President Barack Obama at a news conference marking the end of his Nuclear Security Summit in Washington, D.C.

Alex Brandon/AP Photo

The Nuclear Security Summit hosted by President Barack Obama has ended and the president is hailing it as a great success for a number of reasons.

For one, the nearly 50 nations whose leaders attended the summit were finally all on the same page about the global threat represented by terrorist groups getting their hands on the material necessary to make a nuclear device.

Before the summit, some nations saw the threat from loose nukes or nuclear materials being solely aimed at the U.S. and other Western nations and so weren't as concerned as U.S. policymakers by the potential threat.

But the summit changed all that, Obama indicated in a brief news conference at the end of the meeting:

First, we agreed on the urgency and seriousness of the threat. Coming into this summit, there were a range of views on this danger, but at our dinner last night, and throughout the day, we developed a shared understanding of the risk. Today, we are declaring that nuclear terrorism is one of the most challenging threats to international security. We also agreed that the most effective way to
prevent terrorists and criminals from acquiring nuclear materials is through strong nuclear security: protecting nuclear materials and preventing nuclear smuggling.

That consensus was reflected in the communique produced by the summiteers.

International conferences also have a way of forcing leaders to announce various actions or "deliverables" in the jargon of statecraft so that they such meetings don't end with the appearance of all talk and no action.

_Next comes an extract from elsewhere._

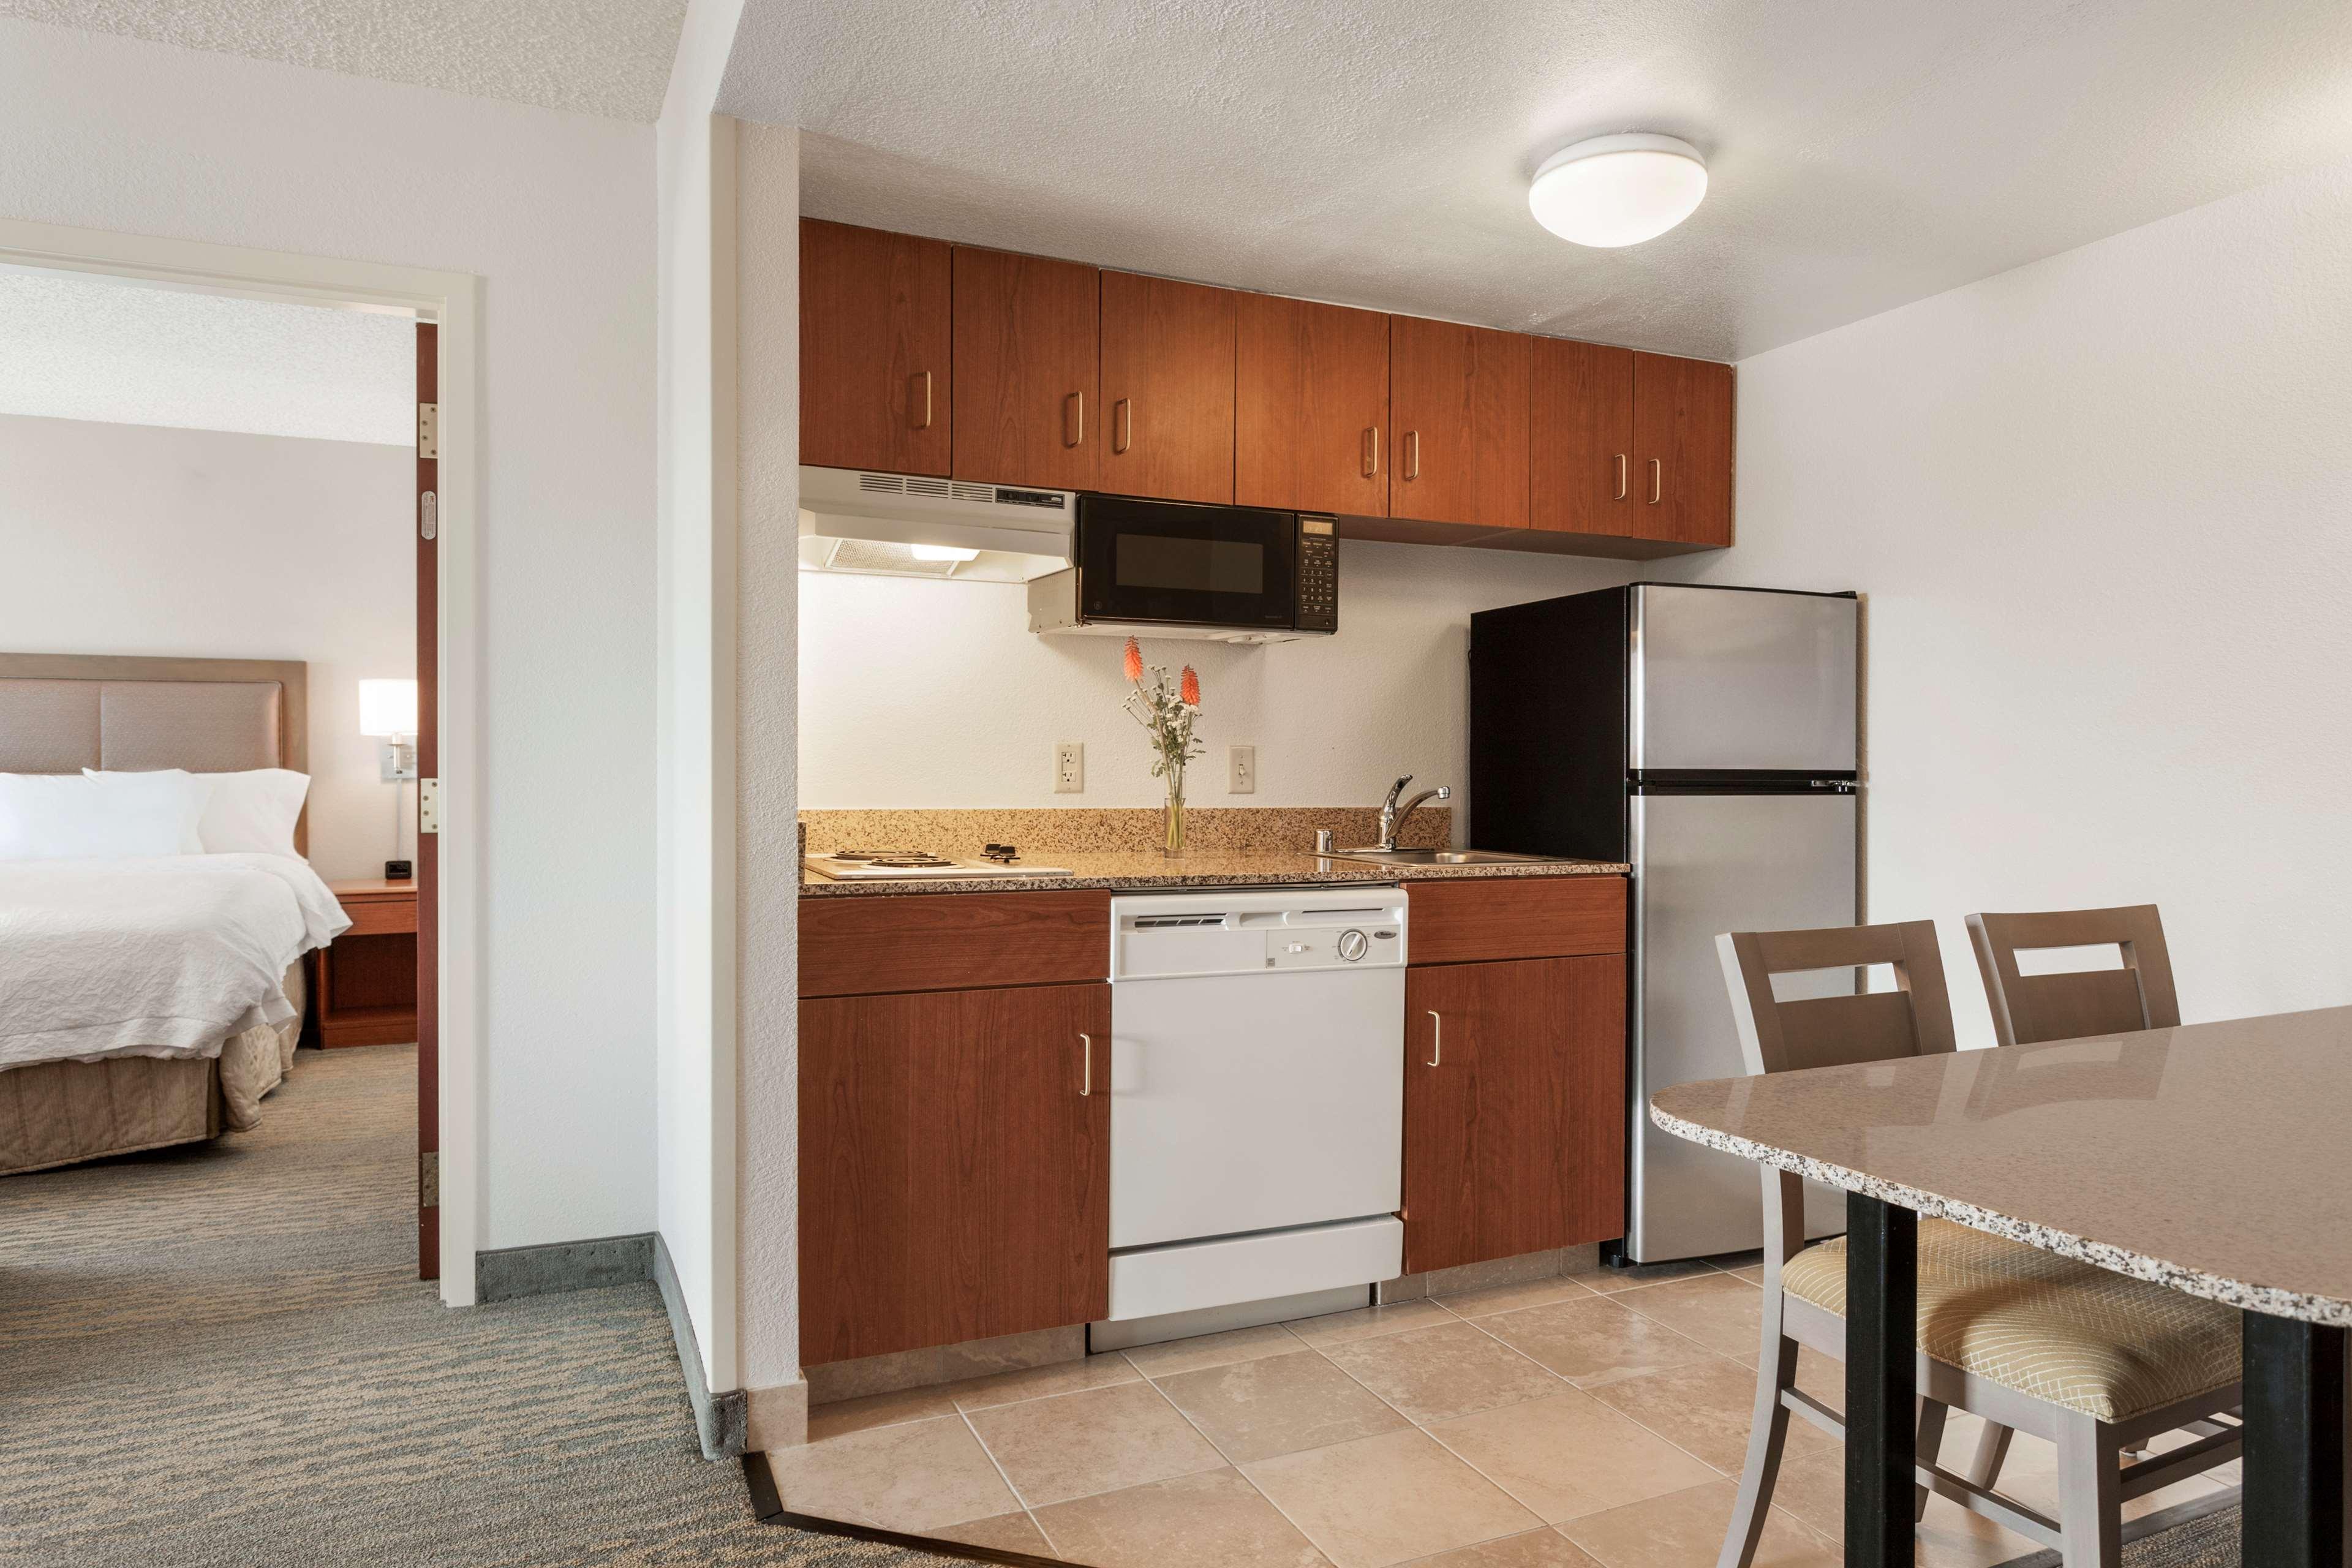 Hampton Inn & Suites Denver-Cherry Creek image 22
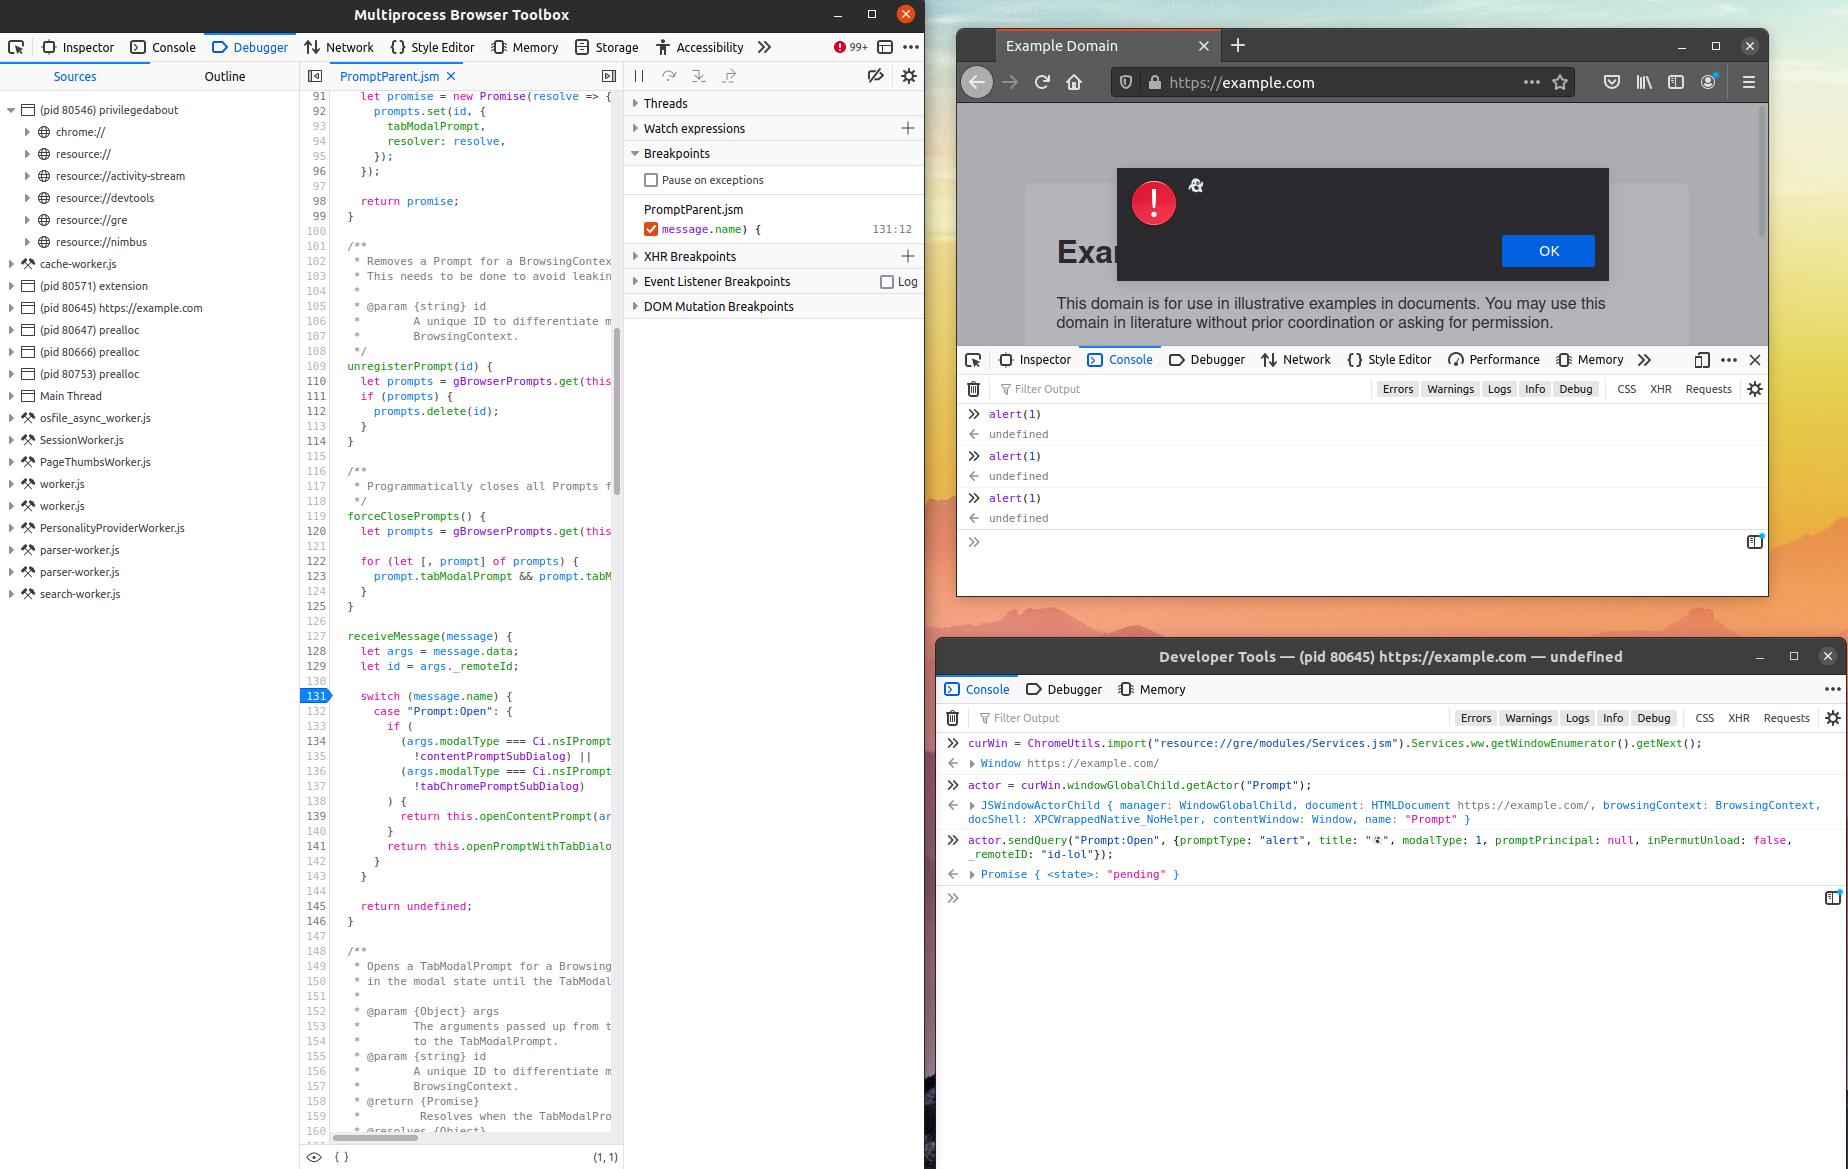 Mozilla Attack & Defense: Examining JavaScript Inter-Process Communication in Firefox

Obama mentioned some of those deliverables. For instance, the Ukrainians agreed that it would allow its stockpile of weapons-grade uranium to be turned into low enriched uranium more suitable for producing nuclear energy. Obama pointed to that decision as a breakthrough since the U.S. had been trying to get the Ukrainians to reach such an agreement for ten years.

In the same vein, the Russians said they would shutter their last plutonium reactor that makes material for nuclear weapons.

Actions like this allowed the president to state:

This evening I can report that we have seized this opportunity. And because of the steps we've taken, as individual nations and as an international community, the American people will be safer and the world will be more secure.

I want to thank all who participated in this historic summit — 49 leaders from every region of the world. Today's progress was possible because these leaders came not simply to talk, but to take action; not simply to make vague pledges of future action, but to commit to meaningful steps that they are prepared to implement right now.